In the section Reusing PyDFix we have provided a high level overview of the modifications required to extend the work done so far.

STEP 1: BugSwarm Metrics

The following script gathers metrics about dependency packages from original build logs of BugSwarm artifacts. (Recall that we could not perform this on BugsInPy due to the absence of original build logs.)
🔶 The estimated running time for the following command is: ≤10 minutes.

$ python3 gather_metrics_from_orig_logs.py -path ~/PyDFix -originallogs ~/PyDFix/orig_log_bugswarm

Note: The artifacts.json for BugSwarm v1.1.3 is included in the root of the cloned directory.

Output:

This generates a CSV file named orig_log_metrics.csv which has the following columns.

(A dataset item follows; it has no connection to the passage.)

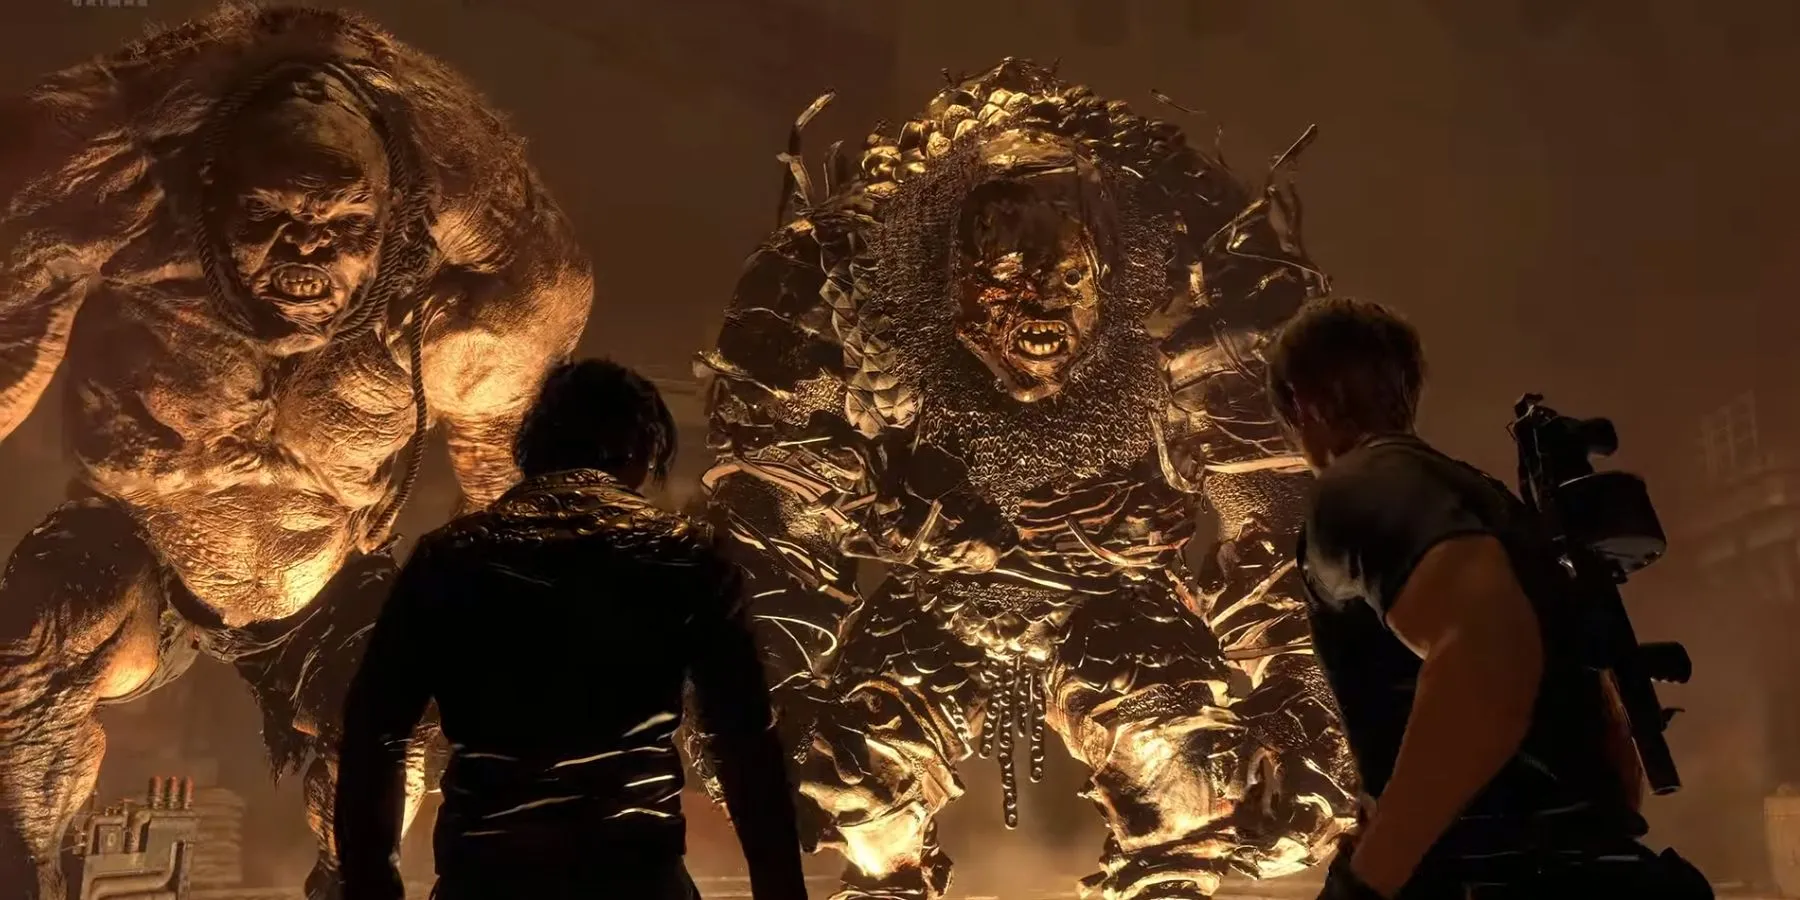 immagine che mostra i due giganti (dos gigante) nel remake di Resident Evil 4

Sl Column Name Column Description
1 Artifact Image Tag Image tag of artifact
2 Pass/Fail Passed or Failed build artifact
3 Project Dependency Count Total number of dependencies declared within the source code
4 Pinned Dependency Count Total number of pinned dependencies declared within the source code
5 Constrained Dependency Count Total number of constrained dependencies declared within the source code
6 Unconstrained Dependency Count Total number of unconstrained dependencies declared within the source code
7 Transitive Dependency Count Total number of transitive dependencies required by the build
8 Transitive Pinned Dependency Count Total number of pinned transitive dependencies required by the build
9 Transitive Constrained Dependency Count Total number of constrained transitive dependencies required by the build
10 Transitive Unconstrained Dependency Count Total number of unconstrained transitive dependencies required by the build
11 Installed Packages Total packages required by the build

STEP 2: LogErrorAnalyzer

This component of PyDFix runs current build of artifacts from BugSwarm and BugsInPy and identifies whether the current build has dependency errors that did not exist in the original build. Since BugsInPy does not contain original build logs, we use the logs generated by running BugsInPy commands. The detailed technical approach for LogErrorAnalyzer is described in Section 4.1 and this section reproduces the data described in Section 5.2 and Table 4 of the paper.
 

🔴 Note: For each dataset, we have prepared a representative subset of each dataset to perform a shorter run. Here we mean that the builds included in the subset have final fix outcomes which is in representative proportion of PyDFix's fix outcomes in the original experiments described in the paper.  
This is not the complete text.